__WHAT YOU ARE ASKED TO DO__. Instruction for the data below: set down exactly the lines from the line with "Wedding guests pose" to the line with "245/40R18 ATLAS FORCE", inclusive, and no others.

__RECORDS PROVIDED__.
------------------------------------
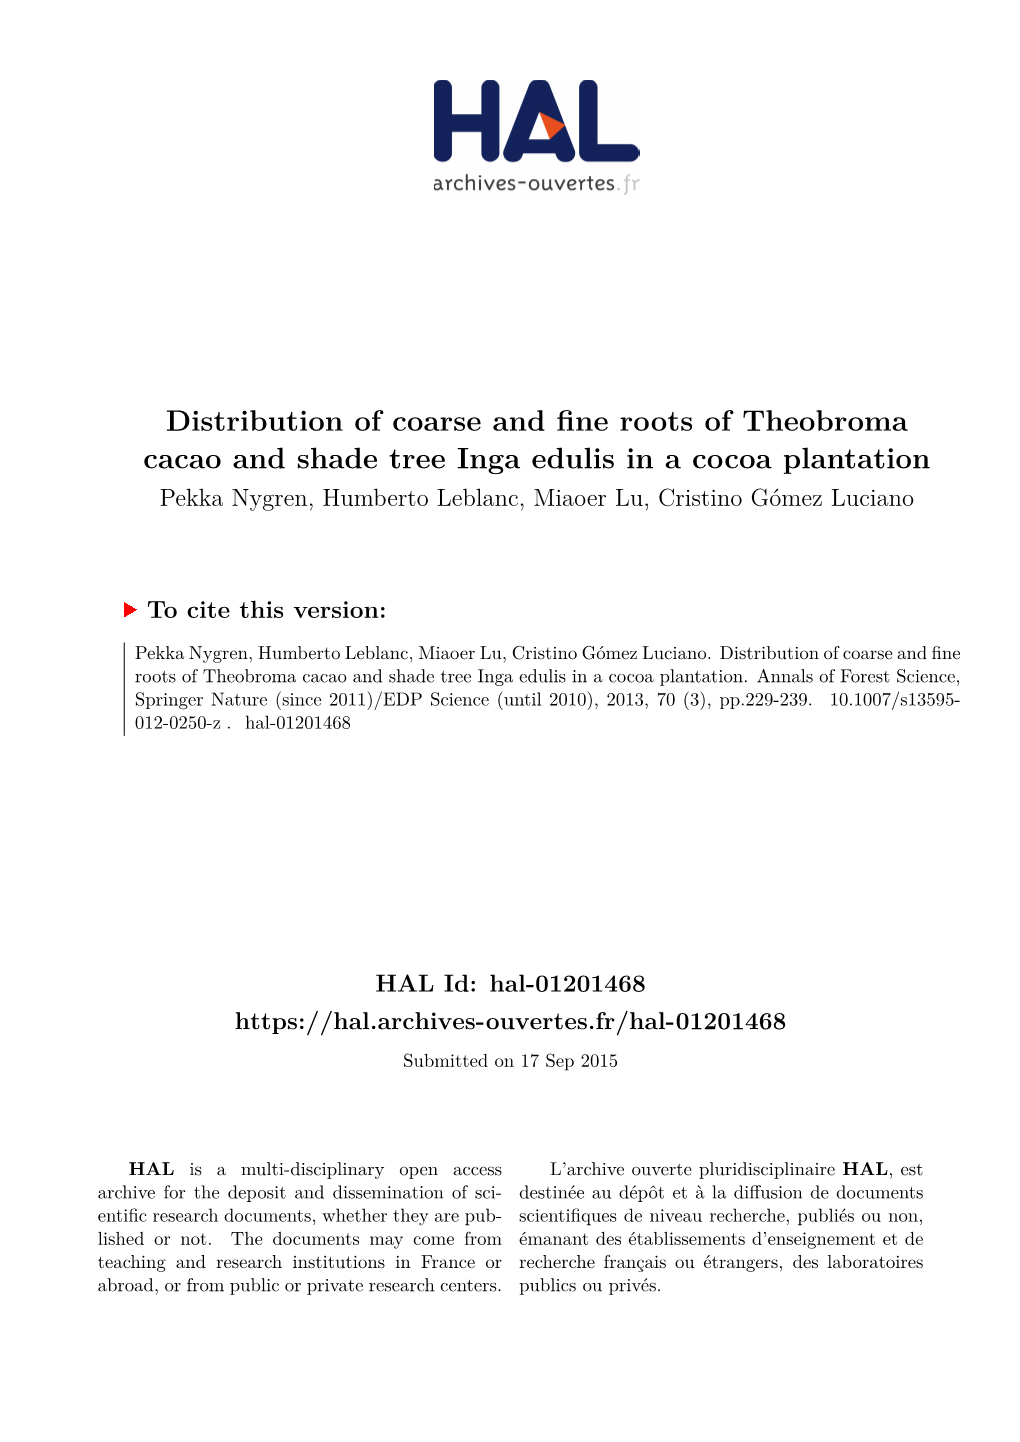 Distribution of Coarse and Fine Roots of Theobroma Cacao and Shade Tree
------------------------------------
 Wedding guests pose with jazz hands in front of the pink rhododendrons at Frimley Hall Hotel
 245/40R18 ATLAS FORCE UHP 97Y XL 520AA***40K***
------------------------------------
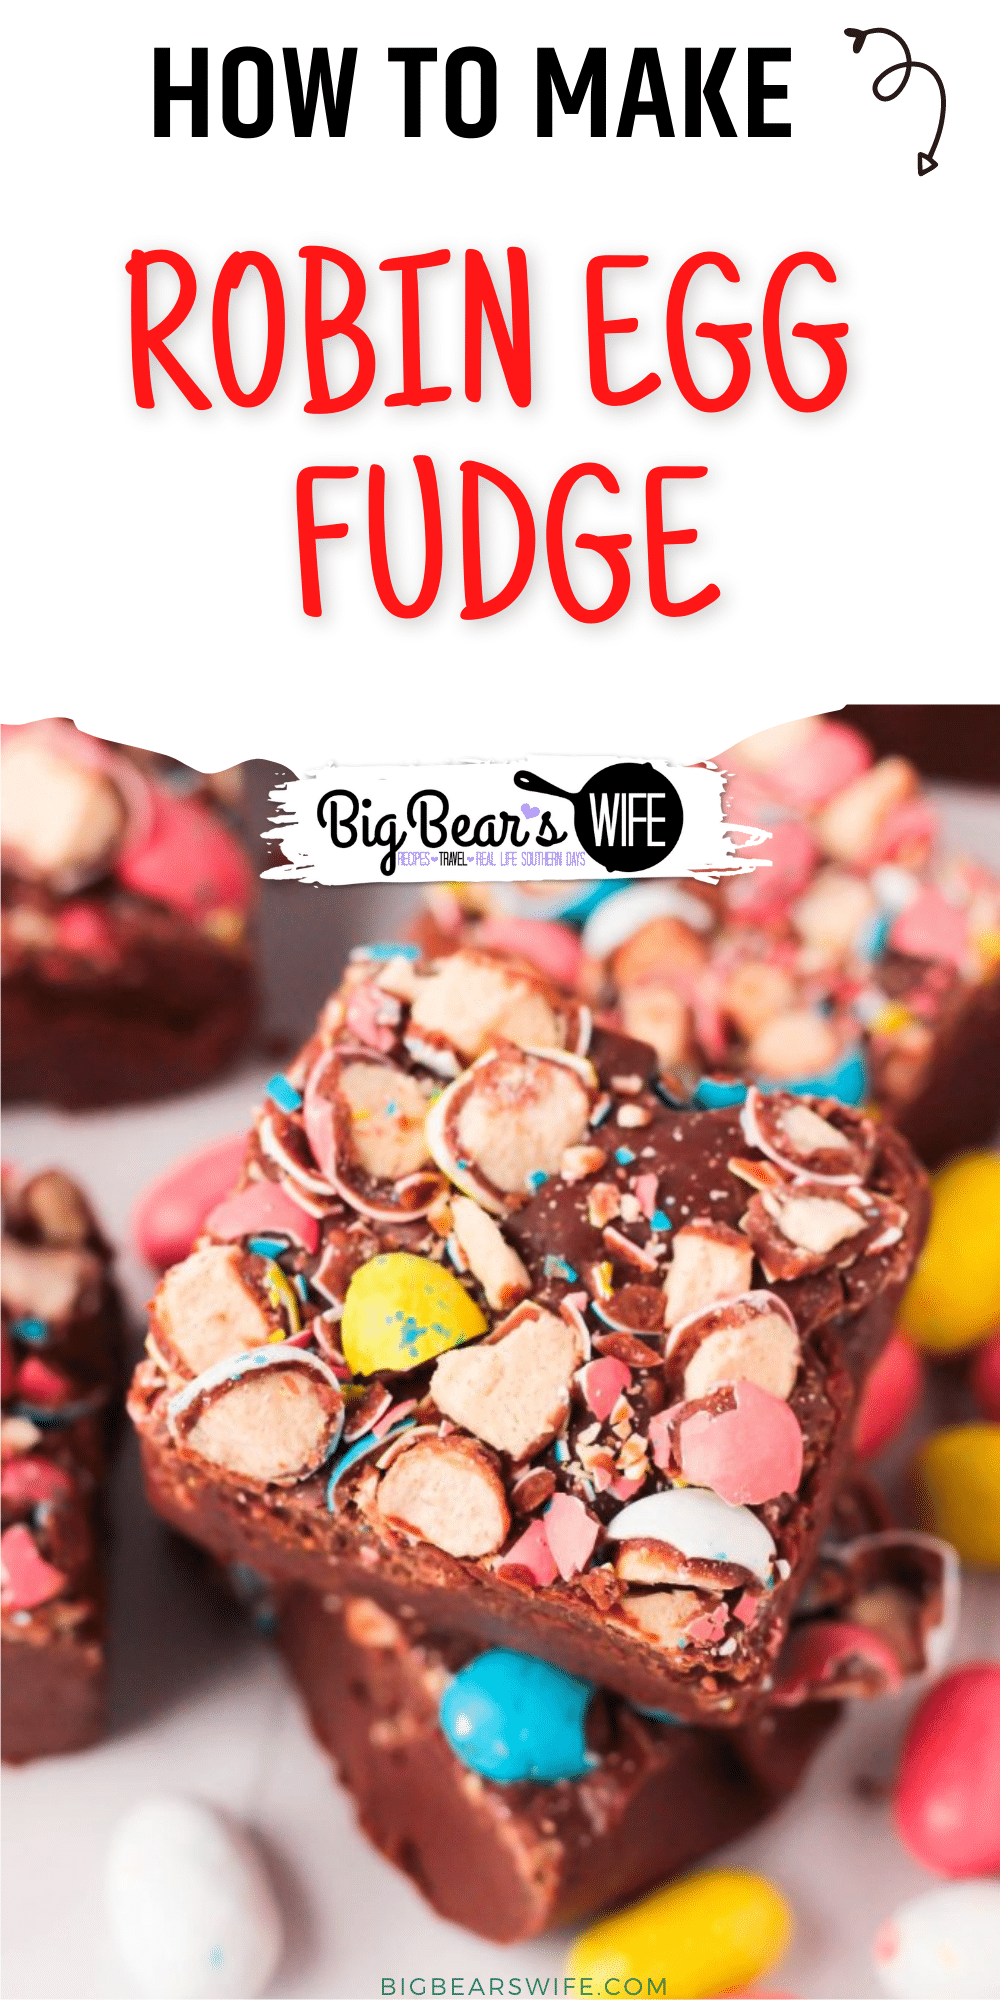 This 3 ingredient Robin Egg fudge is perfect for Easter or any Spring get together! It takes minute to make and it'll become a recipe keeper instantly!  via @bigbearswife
------------------------------------
__RESPONSE__.
 Wedding guests pose with jazz hands in front of the pink rhododendrons at Frimley Hall Hotel
 245/40R18 ATLAS FORCE UHP 97Y XL 520AA***40K***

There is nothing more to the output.